Faculty of Veterinary Medicine, Utrecht University, The Netherlands.
J Med Entomol. 2013 May;50(3):533-42. doi: 10.1603/me12126.
Accurate estimation of population size is key to understanding the ecology of disease vectors, as well as the epidemiology of the pathogens they carry and to plan effective control activities. Population size can be estimated through mark-release-recapture (MRR) experiments that are based on the assumption that the ratio of recaptured individuals to the total captures approximates the ratio of marked individuals released to the total population. However, methods to obtain population size estimates usually consider pooled data and are often based on the total number of marked and unmarked captures. We here present a logistic regression model, based on the principle of the well-known Fisher-Ford method, specific for MRR experiments where the information available is the number of marked mosquitoes released, the number of marked and unmarked mosquitoes caught in each trap and on each day, and the geographic coordinates of the traps. The model estimates population size, taking into consideration the distance between release points and traps, the time between release and recapture, and the loss of marked mosquitoes to death or dispersal. The performance and accuracy of the logistic regression model has been assessed using simulated data from known population sizes. We then applied the model to data from MRR experiments with Aedes albopictus Skuse performed on the campus of "Sapienza" University in Rome (Italy).

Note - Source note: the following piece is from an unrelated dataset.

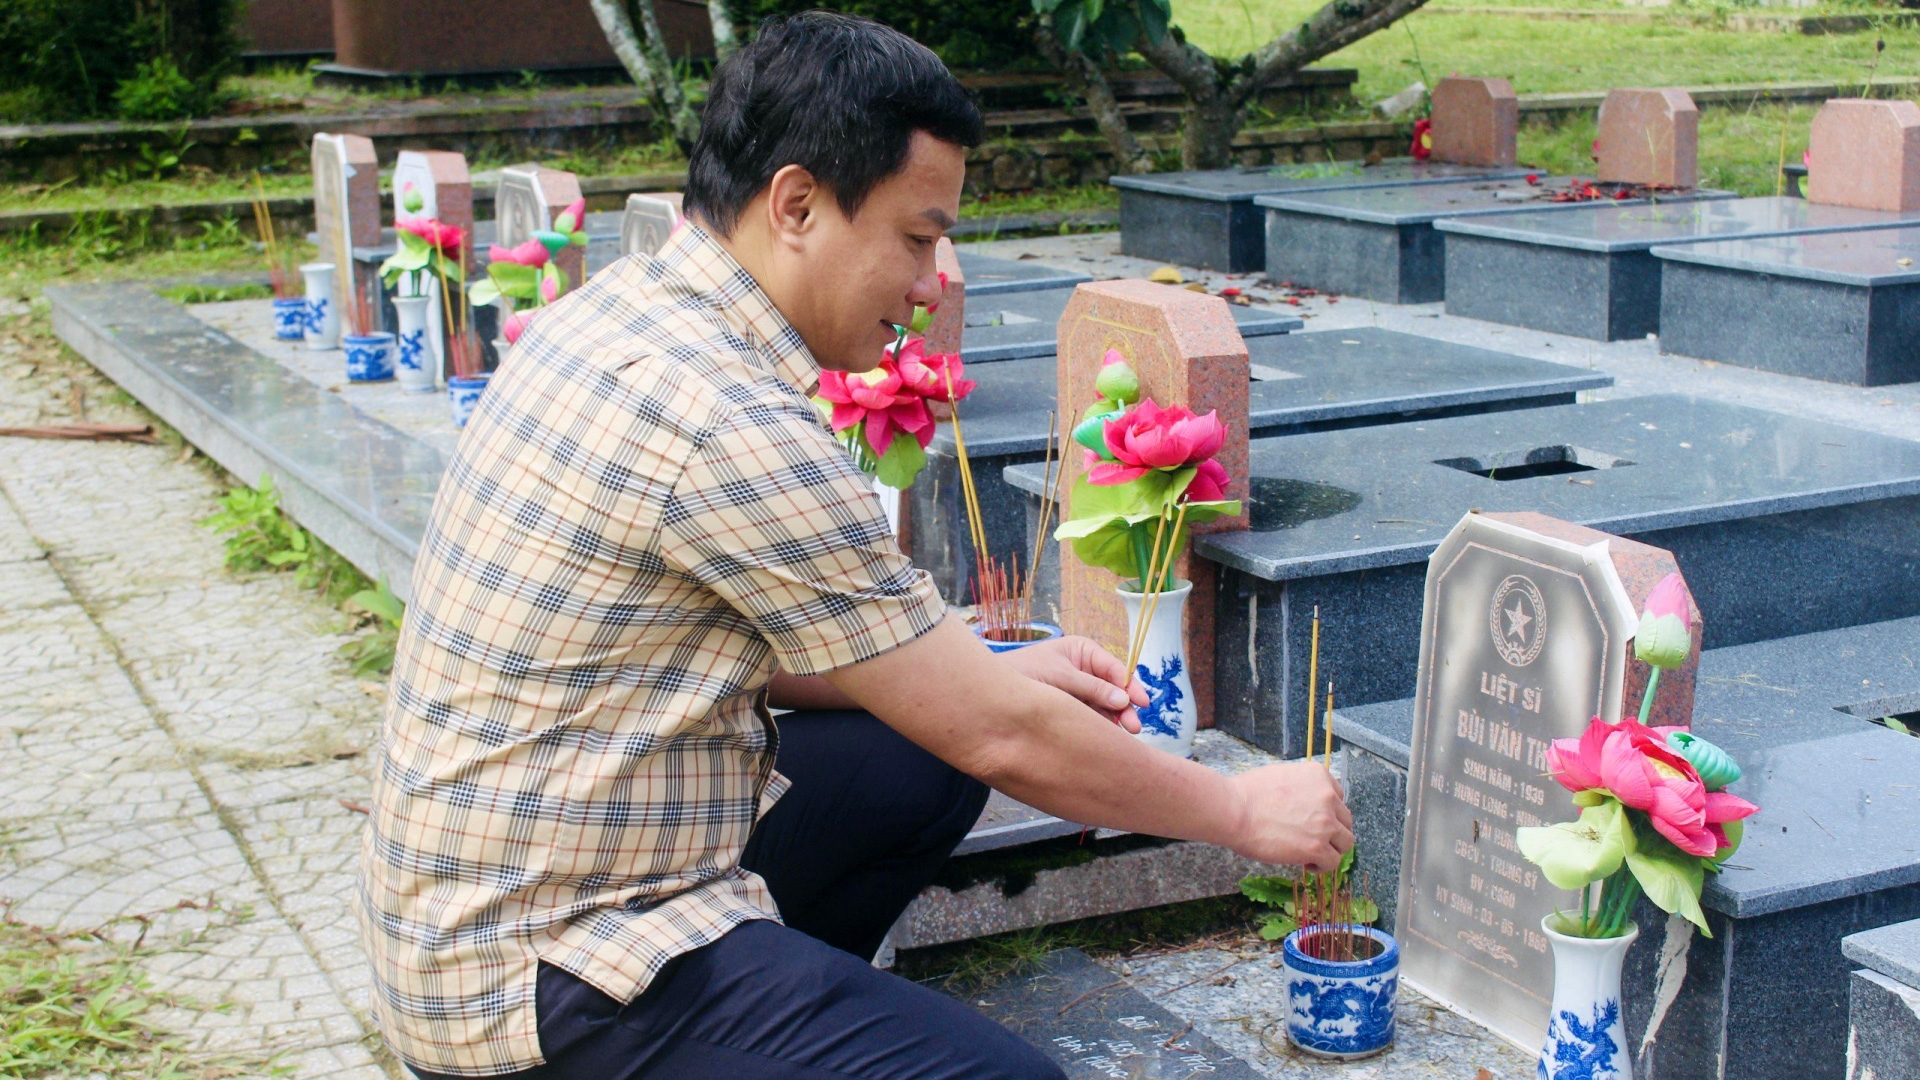 Phó Bí thư Tỉnh uỷ, Chủ tịch UBND tỉnh Hải Dương Triệu Thế Hùng thắp hương phần mộ anh hùng liệt sĩ quê Hải Dương đang yên nghỉ tại Nghĩa trang liệt sĩ Đà Lạt - một trong những nghĩa trang đẹp nhất cả nước

准确估计种群数量对于了解疾病媒介的生态学以及它们携带的病原体的流行病学至关重要,并且对于规划有效的控制活动也很重要。种群数量可以通过标记-释放-捕获 (MRR) 实验来估计,该实验基于这样的假设,即被重新捕获的个体与总捕获量的比例近似于释放的标记个体与总种群的比例。然而,获取种群数量估计值的方法通常考虑汇总数据,并且通常基于标记和未标记的捕获总数。我们在这里提出了一种逻辑回归模型,该模型基于著名的 Fisher-Ford 方法的原理,专门用于 MRR 实验,其中可用的信息是释放的标记蚊子数量、每个陷阱和每天捕获的标记和未标记蚊子数量以及陷阱的地理坐标。该模型考虑到释放点和陷阱之间的距离、释放和重新捕获之间的时间以及标记蚊子因死亡或扩散而损失的情况,来估计种群数量。使用已知种群数量的模拟数据评估了逻辑回归模型的性能和准确性。然后,我们将该模型应用于在意大利罗马的“萨皮恩扎”大学(Sapienza 大学)校园进行的白纹伊蚊(Aedes albopictus Skuse)MRR 实验的数据。